> [PROBLEM DETAILS]
Each line from the one with "-Ingresso 3C Holografico Rosa" through the final line of the entries below must be printed exactly, and the pictures must not be.

--- START ---

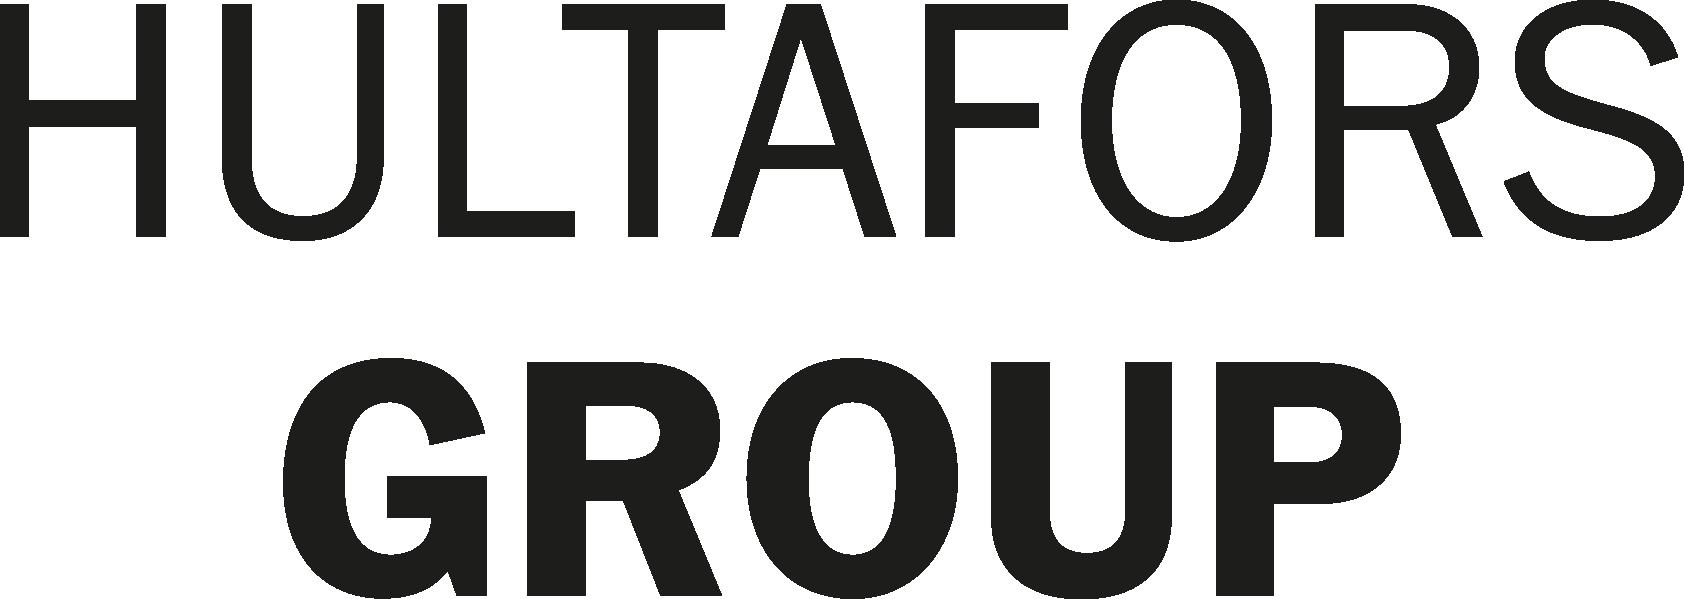 Hultafors Group
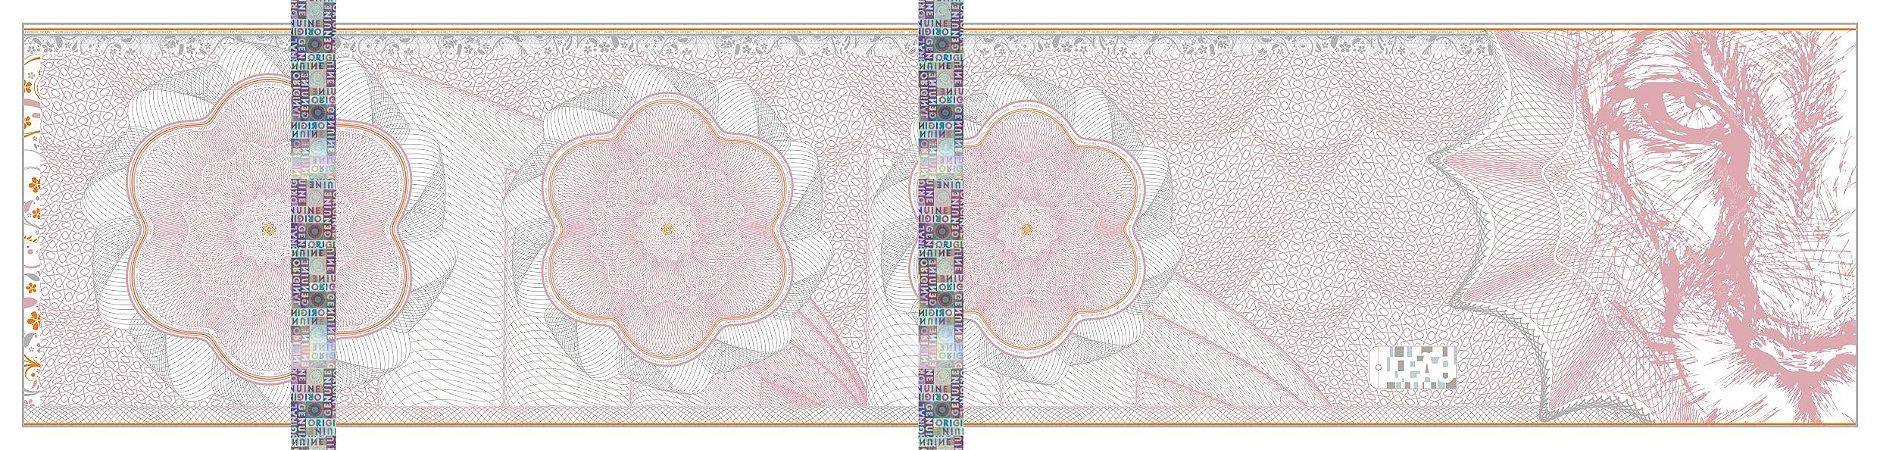 -Ingresso 3C Holografico Rosa
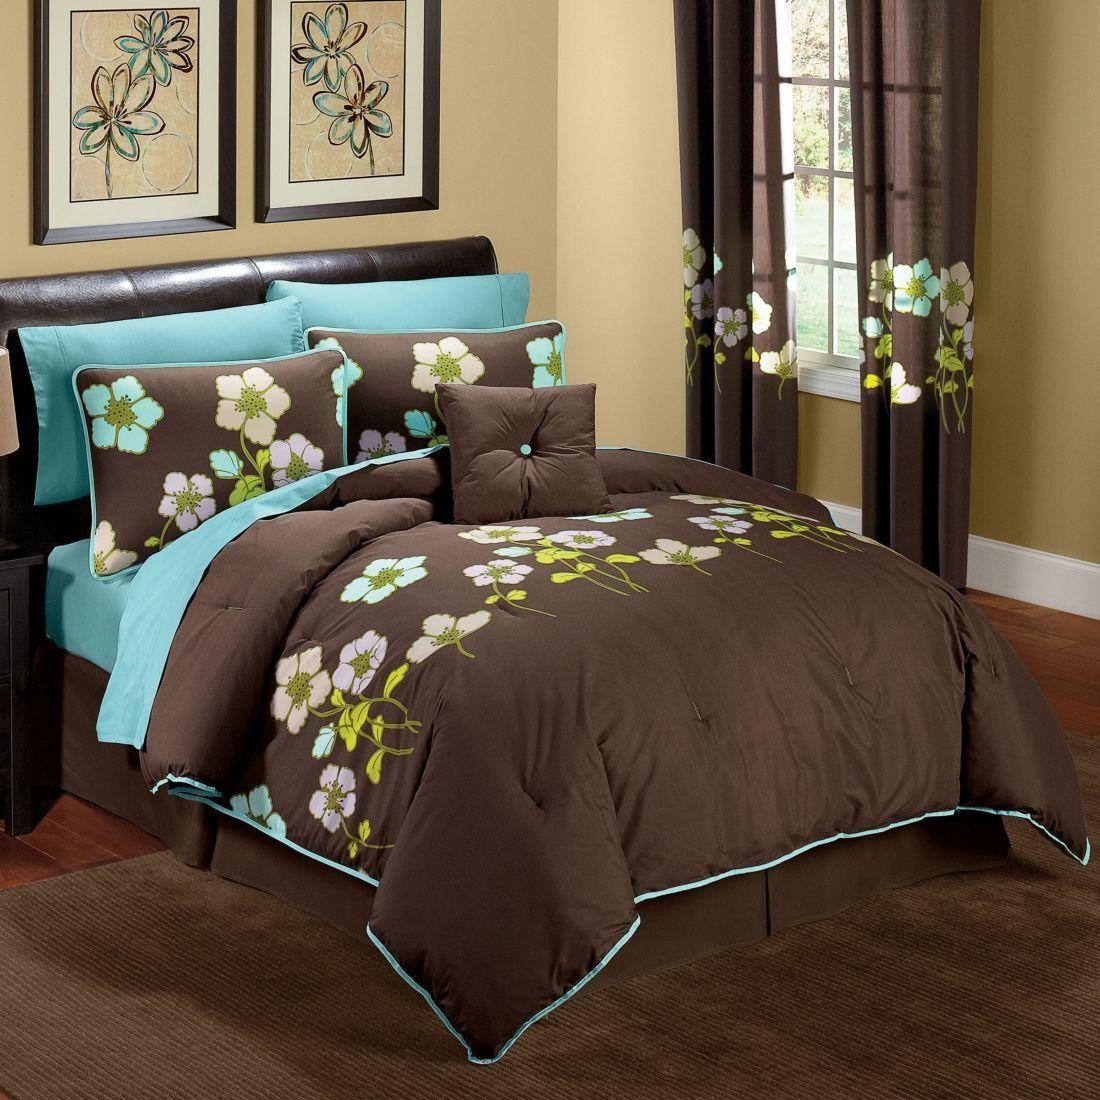 Brown bedroom decorating ideas heavenly brown turquoise bedroom interior design
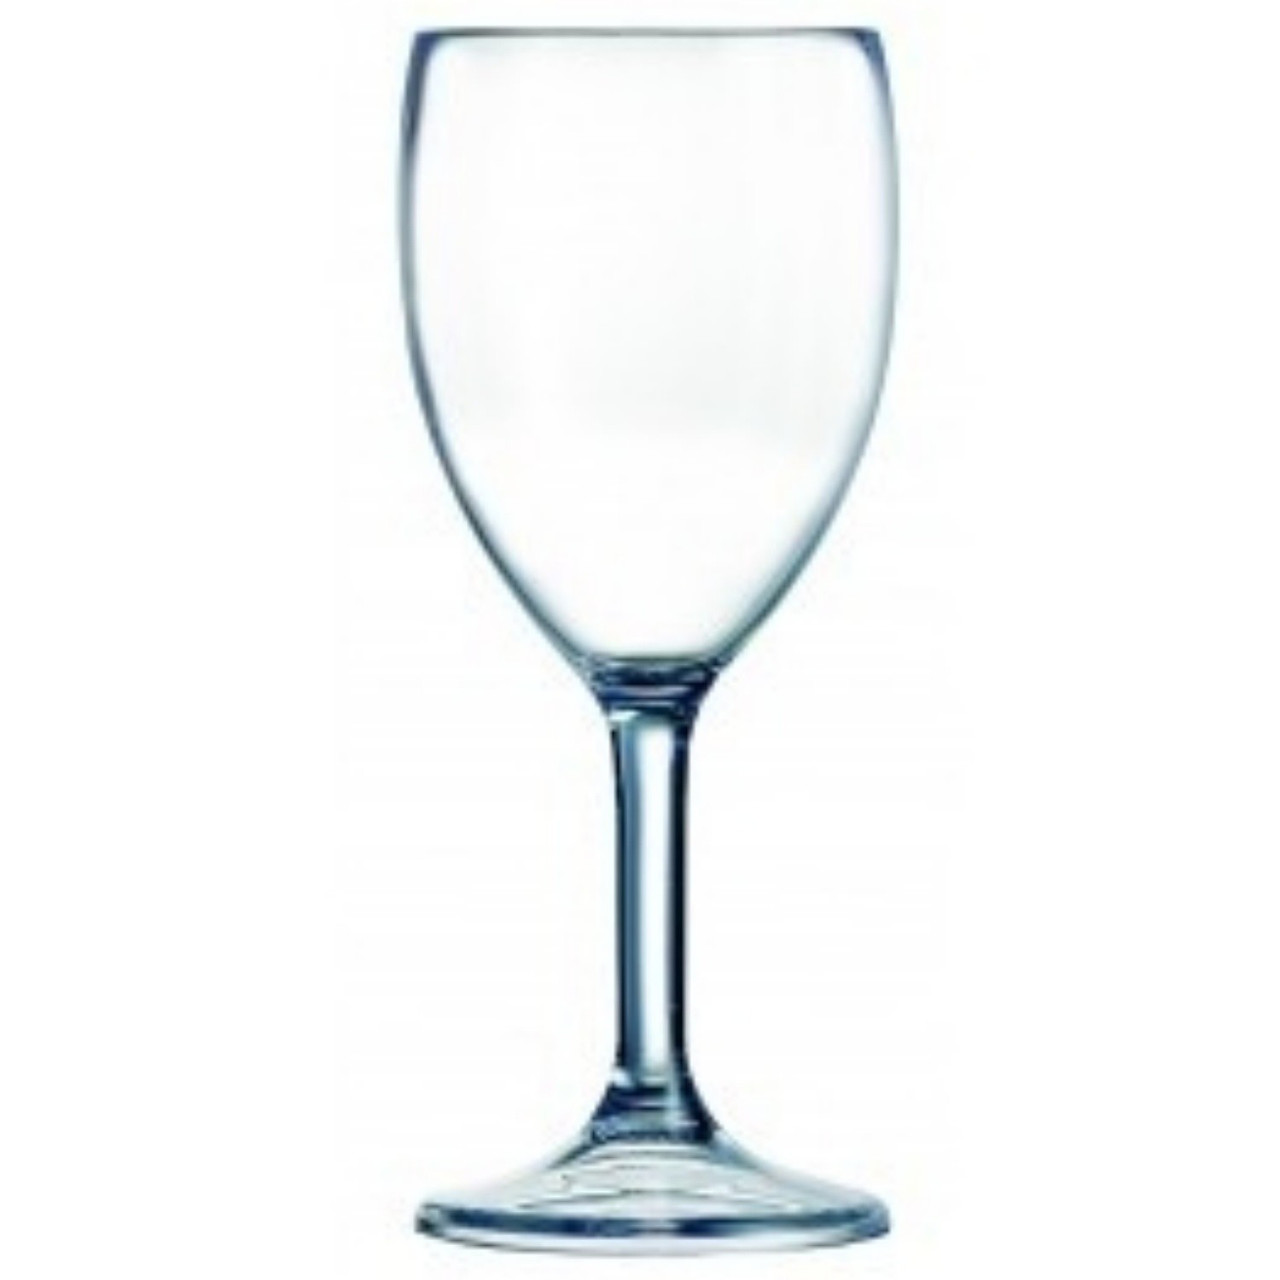 Небьющийся бокал для вина Arcoroc OUTDOOR PERFECT 300 мл (E9305)
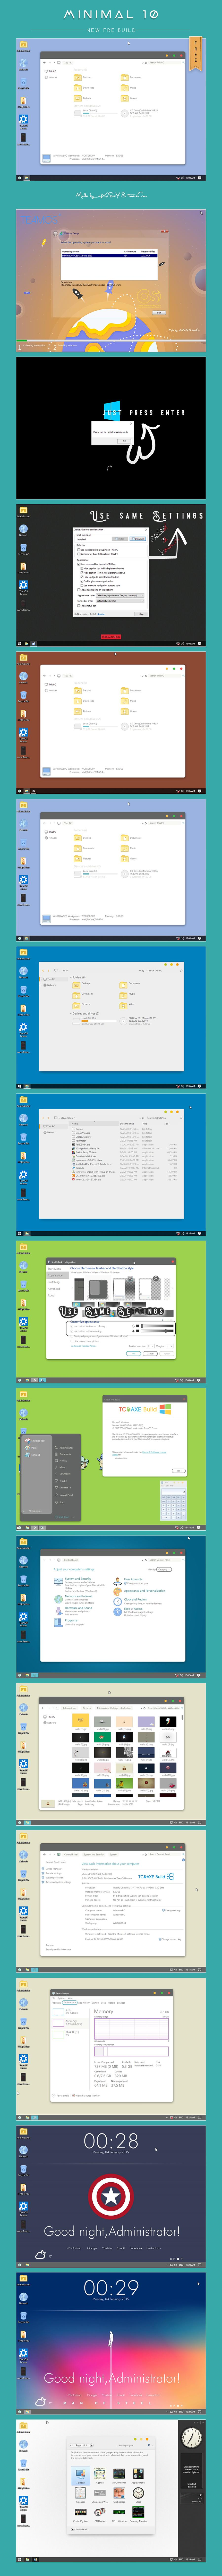 Minimal 10 Slim Multilang Windows10 Rs5 X64 Tc Axe Build Tc Axe Os World

--- END ---

> [SOLVED PROBLEM]
 -Ingresso 3C Holografico Rosa
 Brown bedroom decorating ideas heavenly brown turquoise bedroom interior design
 Небьющийся бокал для вина Arcoroc OUTDOOR PERFECT 300 мл (E9305)
 Minimal 10 Slim Multilang Windows10 Rs5 X64 Tc Axe Build Tc Axe Os World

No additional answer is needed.